## Required action
Everything from the "Женские спортивные лосины с фиолет вставками" line to the final line of the listing should be written out exactly. Skip the pictures.
** Opening Collected material block **
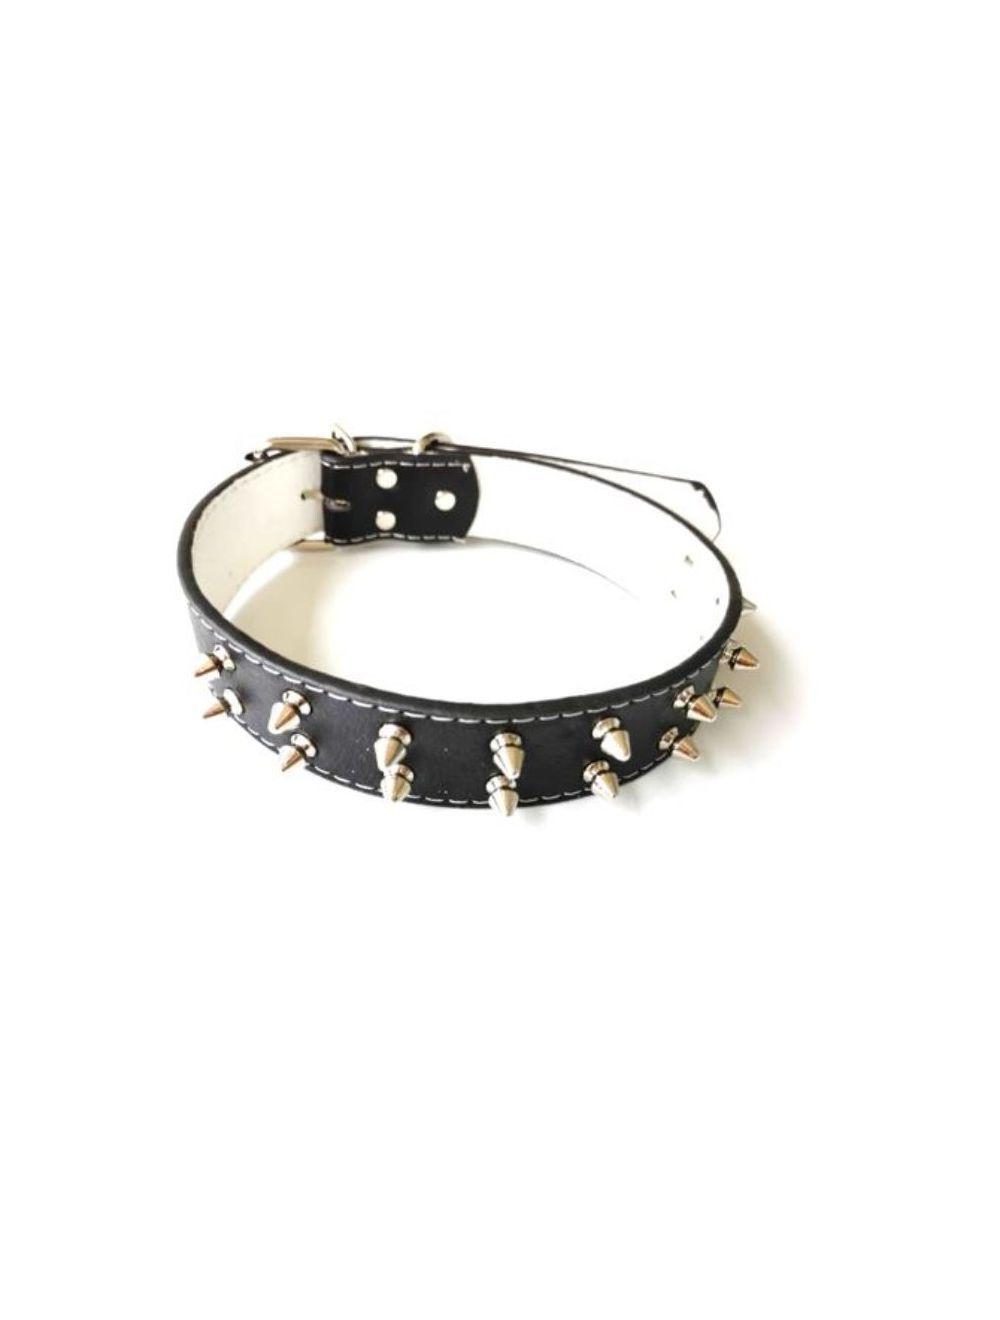 Collar en cuerina con taches color negro - Ciudaddemascotas.com
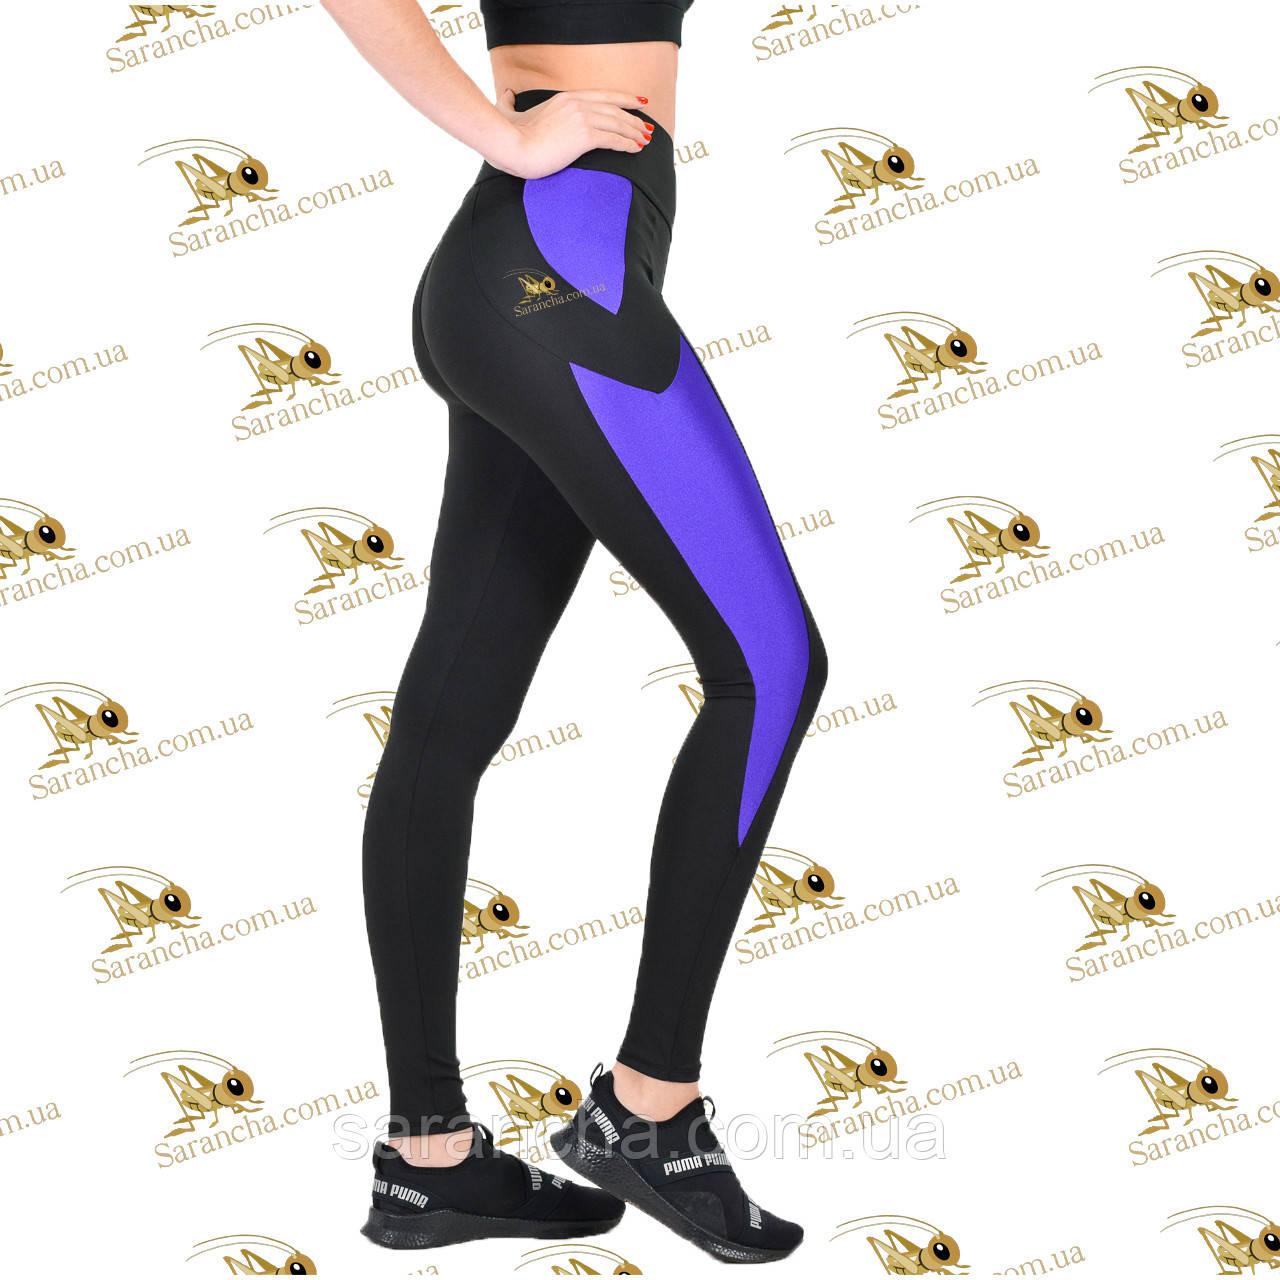 Женские спортивные лосины с фиолет вставками
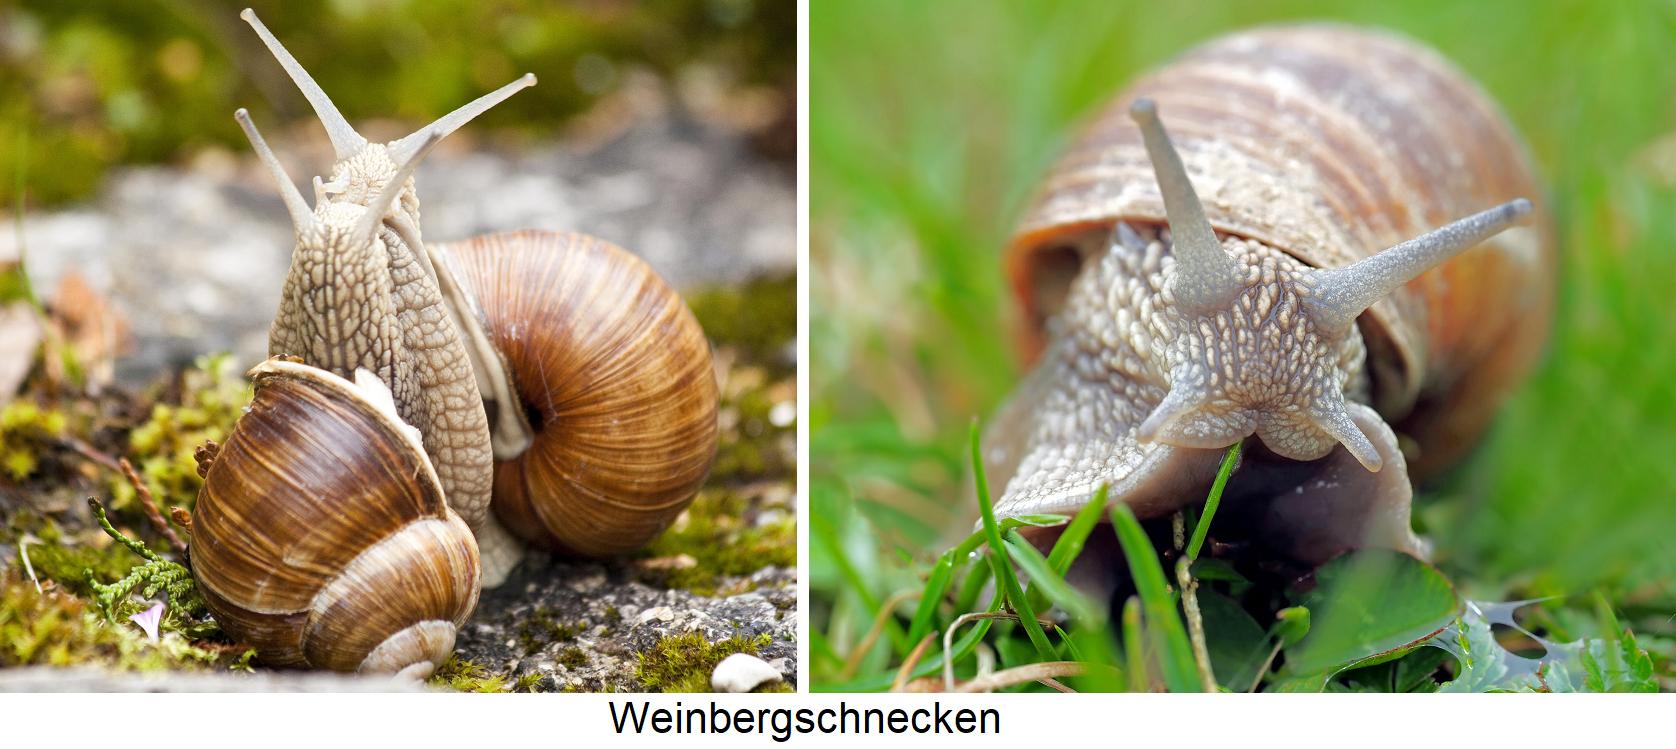 Snails - snails
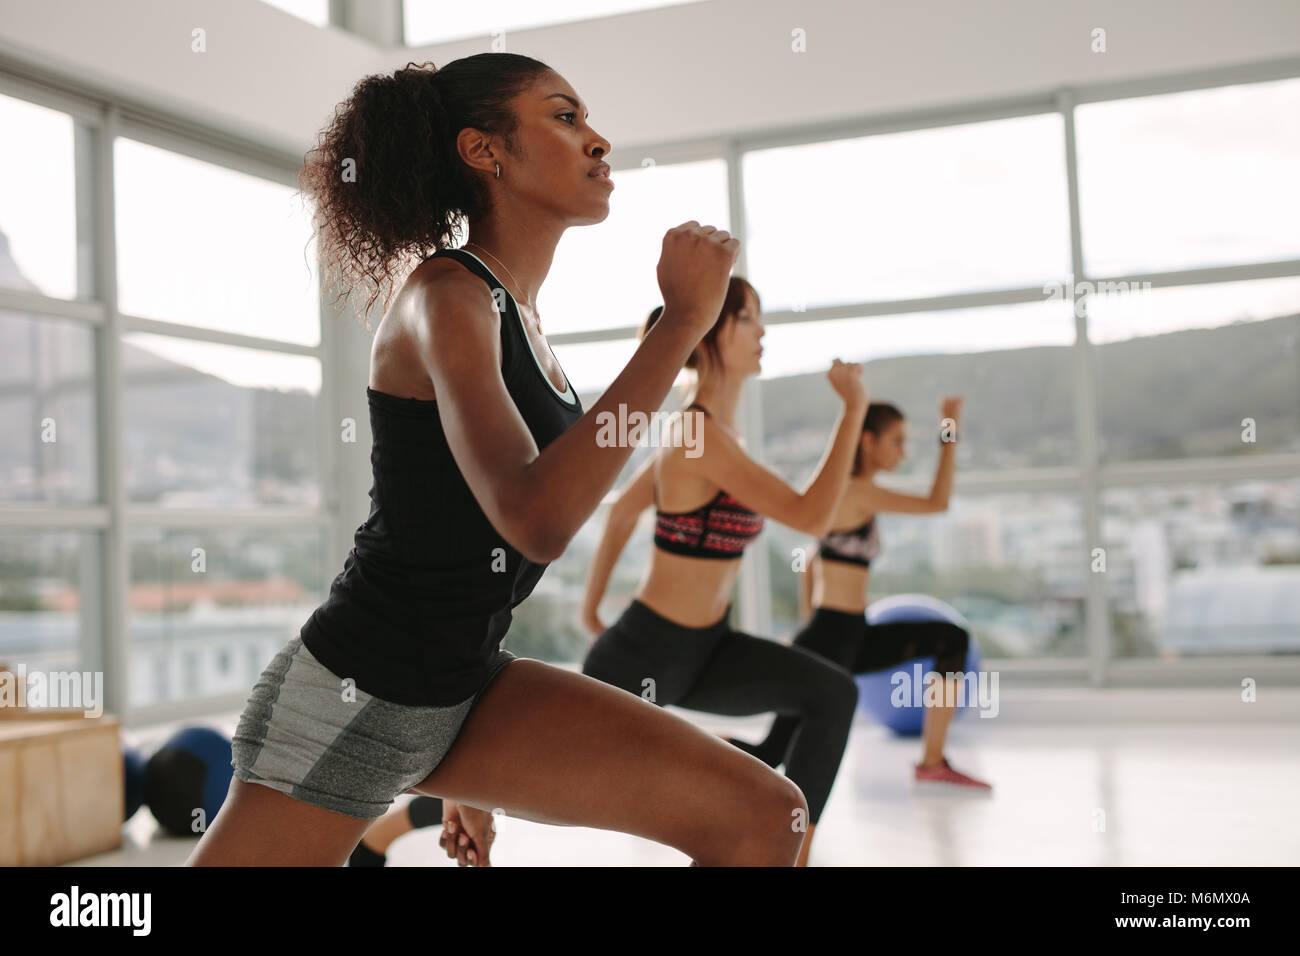 Jeune femme dans les vêtements de sport faire de l'exercice intensif au cours de la formation en cours Photo Stock
** Closing Collected material block **
## Solution
 Женские спортивные лосины с фиолет вставками
 Snails - snails
 Jeune femme dans les vêtements de sport faire de l'exercice intensif au cours de la formation en cours Photo Stock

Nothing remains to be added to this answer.